Стук в дверь. Следователь смотрит раздраженно, затем вдруг меняется в лице, вскакивает и почти бежит к двери – оставив арестованного одного в кабинете! Слышны приглушенные голоса, слов не разобрать. Затем следователь возвращается, и не один.

– Вы?!

Она в ответ лишь повелительно кивает следователю, и тот поспешно выходит. Капитан русского ГБ, насколько Джеймс разбирался в знаках различия, подчинился этой стерве?! Она молча подходит к столу, но не садится, а просто берет и читает записанные показания. И лишь после соизволила взглянуть на Эрла.

– Вы сказали про наши дела, мистер?

– Пока нет, – усмехнулся Эрл. – Но непременно скажу, если вы мне не поможете.

И тут же пожалел о своих словах. Потому что взгляд стервы стал как у стрелка, готового убить – абсолютно равнодушным.
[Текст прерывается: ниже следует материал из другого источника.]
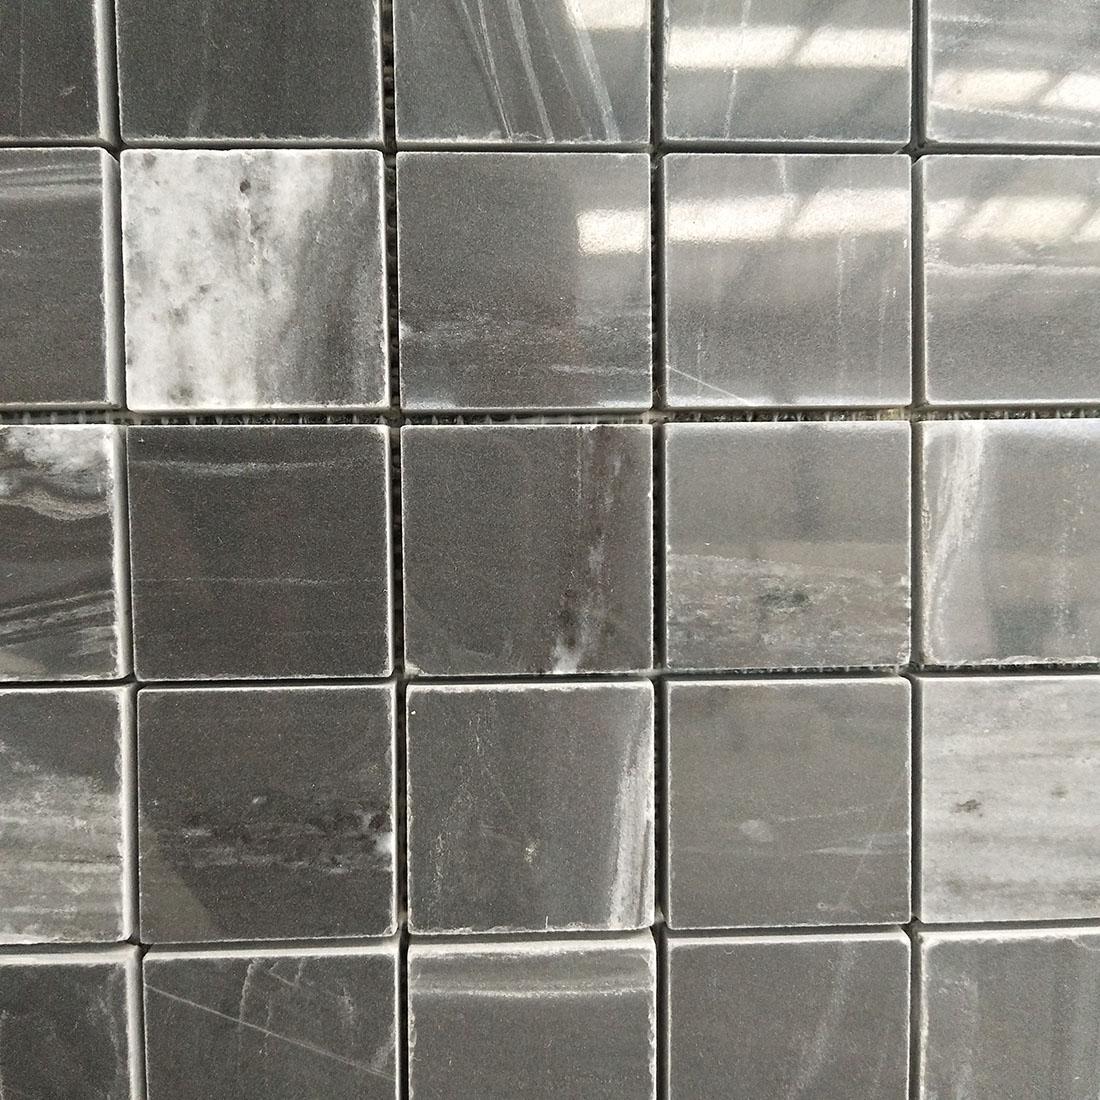 black marble mosaics tiles 12*12
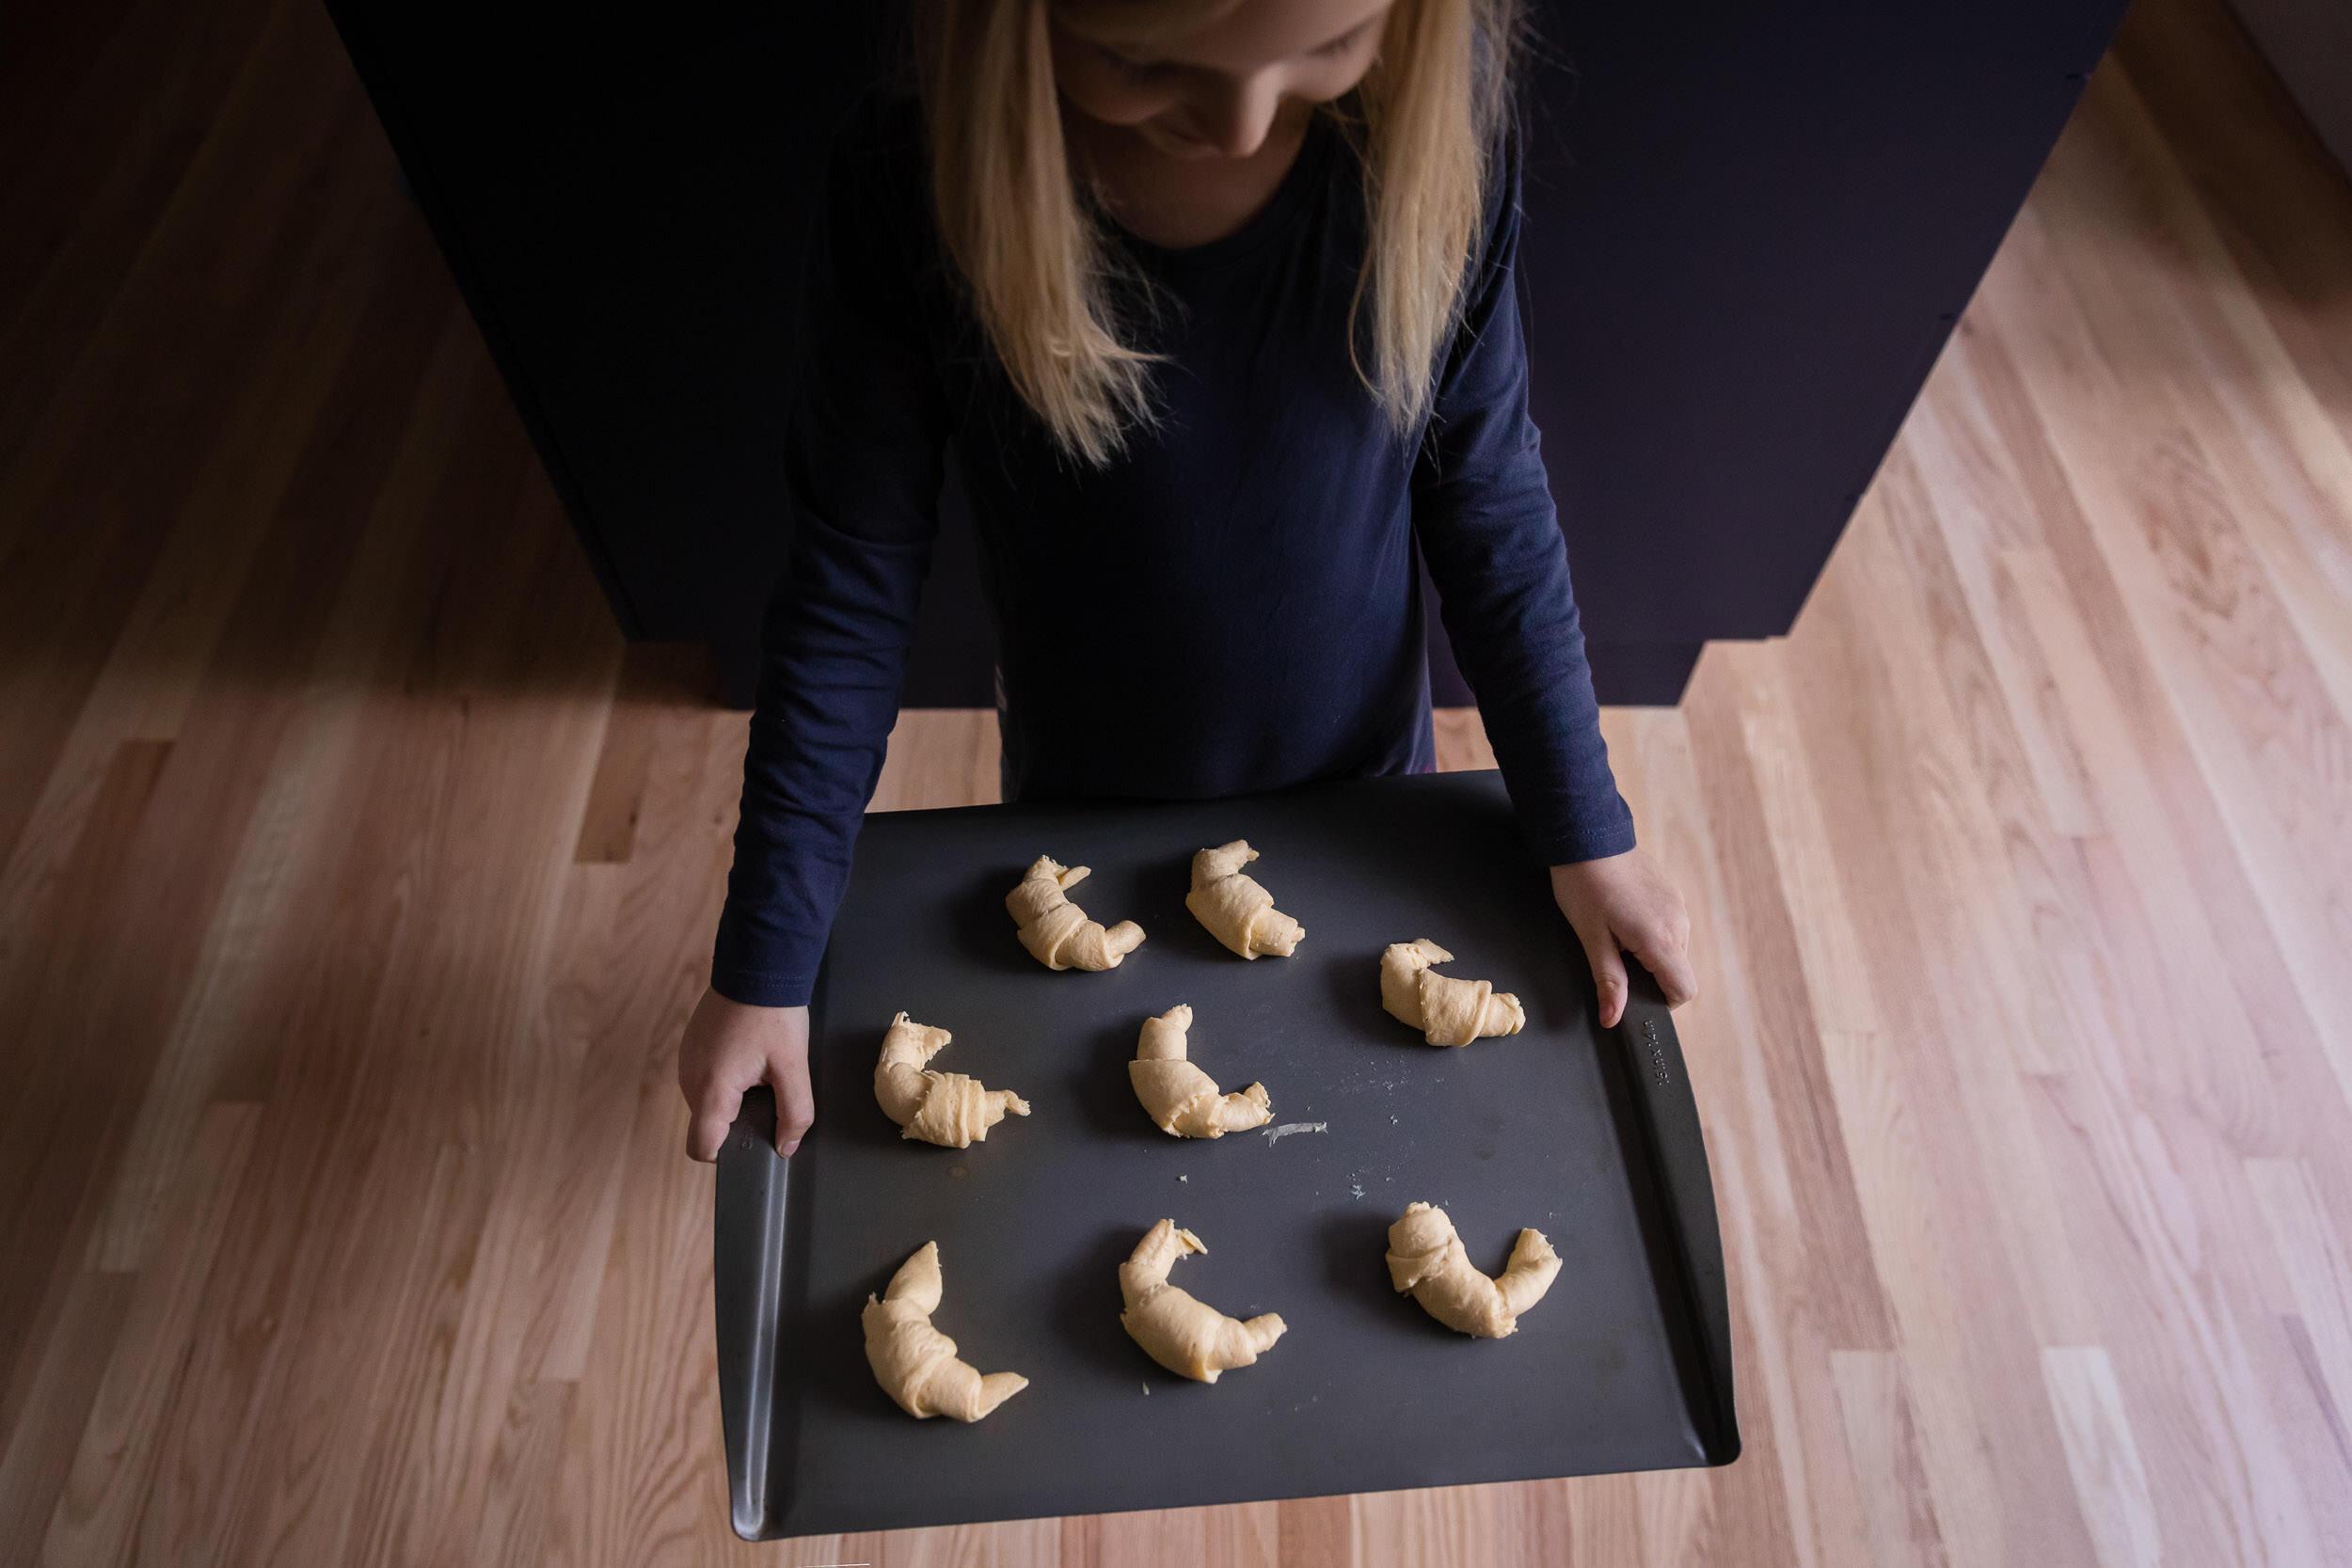 kids-cooking-In-Home-photography-family-session-portland-oregon-rebecca-hunnicutt-farren-22.jpg

– Мистер, вы, надеюсь, понимаете, что если я захочу, ваши слова не услышит и не прочтет никто и никогда? И мне было бы незачем сюда являться, достаточно пары слов наедине этому… – И она пренебрежительно взглянула на дверь, куда ушел следователь.

– Так что вы хотите?

– Продолжения нашего сотрудничества.

– Работы на ваше НКВД?

– Идиот! Ты мне пригонишь партию того же, что было, в двойном размере!

Эрл едва не расхохотался. Так все просто? Все действительно одинаково, что Россия, что Штаты. Везде правит выгодный бизнес.

– А если я откажусь? Все же мы оба не без греха.

– Мистер, у нас слишком разное положение. Потому что этот, – снова кивок на дверь, – сделает все, что ему прикажет адмирал. Мой адмирал.

«И здесь все как у нас! – подумал Эрл. – Любовница Самого Главного крутит всеми на базе, делая свой бизнес.

Эта стерва, хоть у нее сержантские погоны, открыто приказывает капитанам и майорам. И те подчиняются – портить свою карьеру дураков нет».

– Мистер, по большому счету, ваша судьба мне безразлична. Я говорю с вами лишь потому, что мы имели общую выгоду. А с вашим преемником еще придется договариваться, а это и время, и деньги. Так порвать ваше дело – или дать ему ход?

– Слушайте, а если я сделаю вам встречное предложение? Вы получите то, что просите. Но после мы продолжим наше сотрудничество на прежних условиях.

– Расценки повышены, мистер. Будете торговаться со мной, сейчас?

– Черт с вами. Сколько?

– Я же сказала – в двойном размере.

– Грабеж!

– Как знаете. Надеюсь, ваш преемник будет сговорчивее.

– Эй, послушайте! Это действительно выходит за пределы суммы, выделенной мне на оперативные расходы! Но я могу ходатайствовать об ее увеличении, если получу… Ну, вы поняли?

– А вы наглец, мистер. Но первая партия, за ваше освобождение, на моих условиях. Добывайте где хотите, ваши проблемы. Ну, а после обговорим.

– Согласен. Когда я выйду отсюда?

– А когда я получу свой товар? Шучу, мистер, выйдете вы хоть сейчас. Но вот уехать из этого города не думайте, пока не рассчитаетесь со мной.